License: BSD 3-Clause "New" or "Revised" License

Python 79.29% Shell 7.43% GAMS 10.30% MATLAB 2.98%

io_gnep's Introduction

Using Inverse Optimization to Learn Cost Functions in Generalized Nash Games

README

This code repository is broken down into files that require the following programs:

  • MATLAB
  • PYTHON
  • GAMS

It also assumes that we are running on a Ubuntu/Linux operating system.

The IO_GNEP_* shell scripts will run different collections of the other scripts housed in this repository. The bash scripts correspond to the four experimental groups discussed in the paper. The Python classes called by the Python scripts are:

  • RK_IO_methods which is housed in the RK_IO_model.py file. This class contains the inverse optimization residual model for the paper for both the same costs across all players and different costs across players
  • generalized_RK_framework which is housed in the Generalized_RK_Framework.py file This class contains the mechanics methods for translating between Python and the various other programs. It also runs the RK_IO_methods, calculates total flow error, and saves all of the data.

Note: We have three class objects called class_object_1 through 3 that are created with the various scripts that call methods from these classes. They transfer data between the different Python scripts.


The Python scripts are named in terms of steps, so script_1_generating_data_for_matlab.py indicates the first step. However, there are MATLAB and GAMS calls that happen between the various Python scripts. For a general experiment, this is the sequence of calls and their outputs in the bash scripts:

  1. python script_1_generating_data_for_matlab.py [with potentially arguments] OR python script_1_generating_data_for_matlab_sioux_falls.py OUTPUT: Pickle object (class_object_1) and MATLAB data file (data_for_matlab_original_costs.mat)

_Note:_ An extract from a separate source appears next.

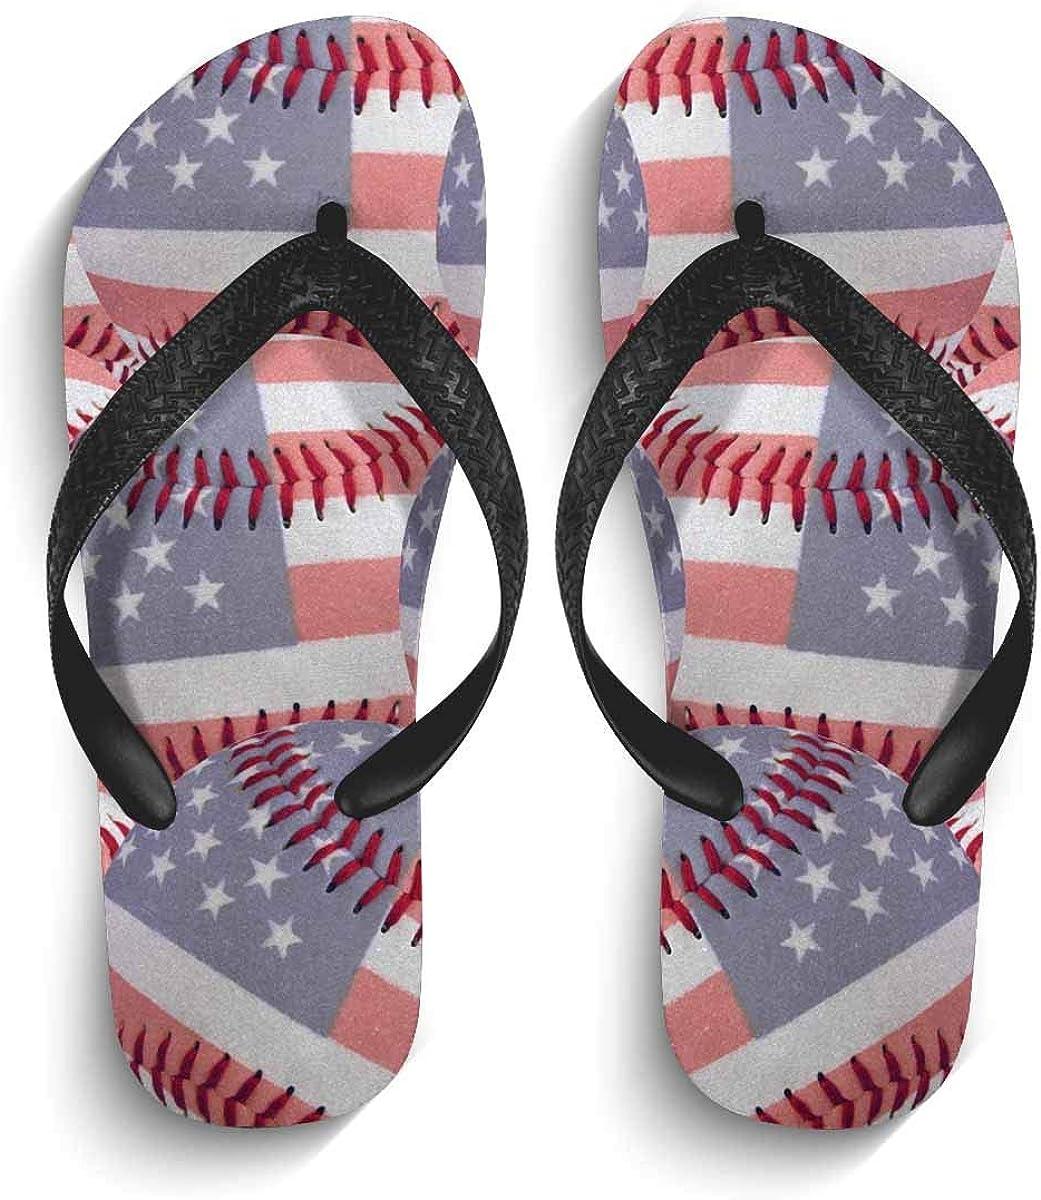 InterestPrint Men's Non-Slip Flip Flops Starfish Summer Holiday Tropical Beach Sea Sand Thongs Sandals for Beach Lounging Home

  2. matlab script call to either matlab_generating_data_original_costs.m or matlab_generating_data_original_costs_different_costs.m OUTPUT: GDX files traffic_data_gdx_iteration_1.gdx through 10

  3. gams script call 10 times for 10 trials, either to the gams_original_costs_file.gms or gams_original_costs_file_different_costs.gms OUTPUT: CSV files traffic_results_original_costs_1.csv through 10

  4. python script call to either script_2_inverse_optimization_step.py or script_2_inverse_optimization_step_different_costs.py OUTPUT: Pickle object (class_object_2)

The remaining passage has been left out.